Specifically, I’ve been preparing documentation that would enable anybody to run the business and understand the financials. In this regard, I’ve been inspired by the excellent book, The E-Myth Revisited by Michael Gerber. I’ve also been using SweetProcess, an online tool that helps businesses created repeatable procedures and processes.
Finally, the last section deals with passwords. Here I take an unconventional approach. What you won’t find are passwords to our financial accounts. In fact, I’d argue that those passwords are the least important. Why?
Upon the death of an account holder, the estate will notify the financial institution. For retirement accounts like a 401(k) or IRA, the financial institution will transfer the account based on the designated beneficiary. Many taxable accounts are held jointly and transferred to the joint account holder. The point is that the passwords to the online accounts won’t be required to handle these accounts.
In contrast, try getting a loved one’s password from Facebook or Google. Good luck.
Of course, simply listing these or other passwords in a binder is not safe. While it may be unlikely that somebody would break into our home, find the binder, and take the passwords, it’s still a risk. Further, there is always the risk that a friend or family member might find the binder.
So what’s the solution? In our case, the password tab provides details on how my wife or loved ones can access my passwords. I use a password manager called Dashlane. With Dashlane, I can provide emergency access to all or just some of my passwords to anybody I want. If that person requests emergency access, I will be given a set period of time of my choosing to reject that request.

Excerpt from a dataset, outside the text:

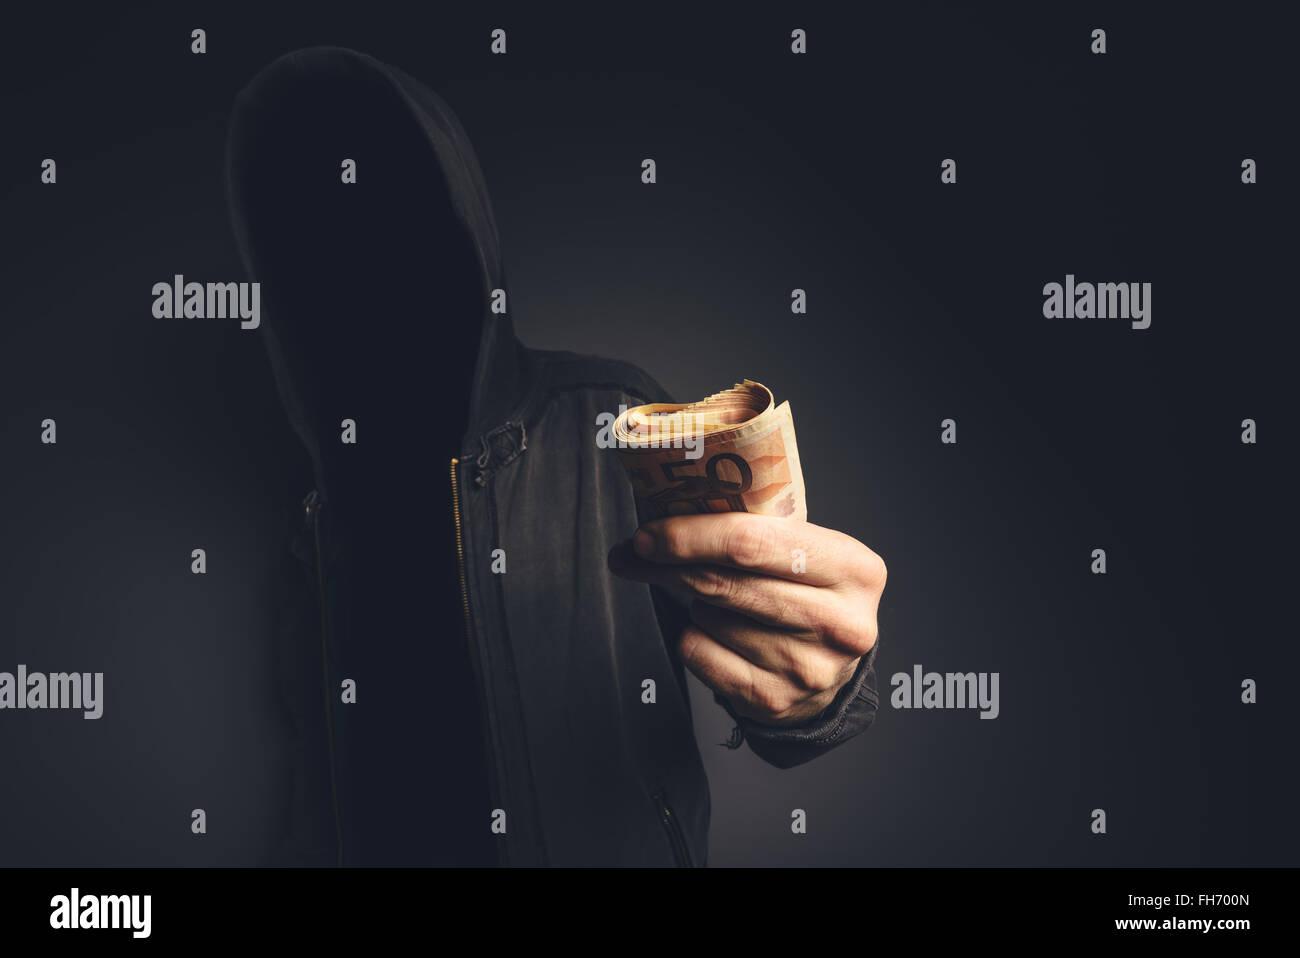 Irriconoscibile incappucciati hacker offrendo denaro contante, cyber criminalità, ricatto e estorsione concetto. Immagini Stock

Of course, if I’m dead or incapacitated, than my loved one will be granted access at the end of that time period (in my case 2 days).
The above is how I’ve structured our Money Binder. There may be other sections or information that your specific circumstances require. The key is to provide your loved ones with the information they need to handle the finances in the event of your untimely death.
Finally, my wife and I walk through the binder together once or twice a year. This is critical. It gives my wife a chance to ask questions. It keeps her informed about our investments. And it gives me some comfort that she would be able to handle our finances if need be.